11 B.R. 641 | Bankr. E.D.N.Y. | 1981
In re CORAM GRAPHIC ARTS, division of Commisso Enterprises, Inc., Debtor.
United States Bankruptcy Court, E.D. New York.
*642 DECISION
C. ALBERT PARENTE, Bankruptcy Judge.
Josephine Commisso, President of Coram Graphic Arts (hereafter "debtor") filed a voluntary petition in bankruptcy under Chapter 11 of the Bankruptcy Code on behalf of the debtor on November 19, 1980. Neither the debtor nor its president is represented by counsel in the Chapter 11 proceeding.
A meeting of creditors was held on January 9, 1981, and was adjourned to January 16, 1981. At the hearing held on January 16, 1981, Josephine Commisso (hereafter "Commisso") refused to answer questions put forth by a creditor and sought to have the hearing adjourned until she could obtain legal counsel. The matter was referred to the Court and Commisso was advised by the Court that it was necessary for her to obtain legal counsel to represent the debtor. A final adjournment of the meeting of creditors was granted.

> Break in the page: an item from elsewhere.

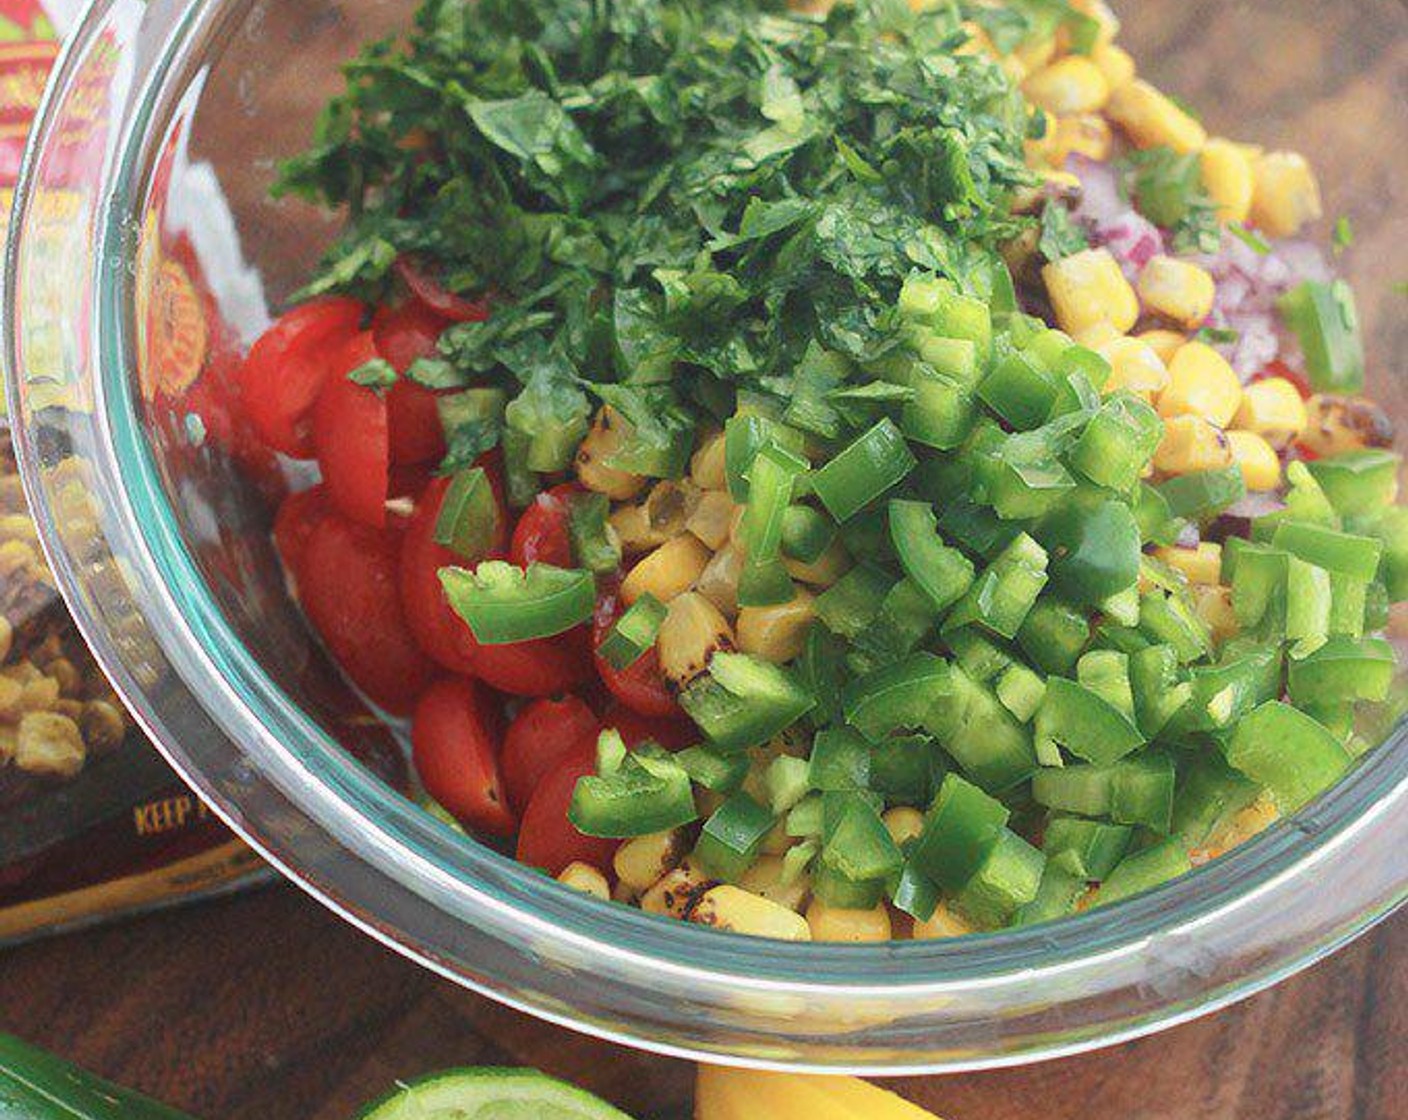 step 1 In a medium bowl, combine Grape Tomatoes (1 1/3 cups), Fire Roasted Corn Kernels (1 cup), Red Onion (1/3 cup), Garlic (2 cloves), Jalapeño Pepper (1) and Fresh Cilantro (1/4 cup). Add zest and juice from Lime (1) and Sea Salt (1/2 tsp). Stir to combine.

At the adjourned meeting of creditors, the debtor still had not obtained counsel and the hearing was adjourned to January 28, 1981. The debtor failed to appear on January 28, 1981, and the Court issued an order to show cause on February 17, 1981, why the Chapter 11 petition should not be dismissed pursuant to 11 U.S.C. Section 305(a).
Notice of the hearing scheduled for March 23, 1981, was served by mail upon Commisso, the members of the committee of creditors holding unsecured claims, and all creditors holding secured claims pursuant to Interim Bankruptcy Rule 2002.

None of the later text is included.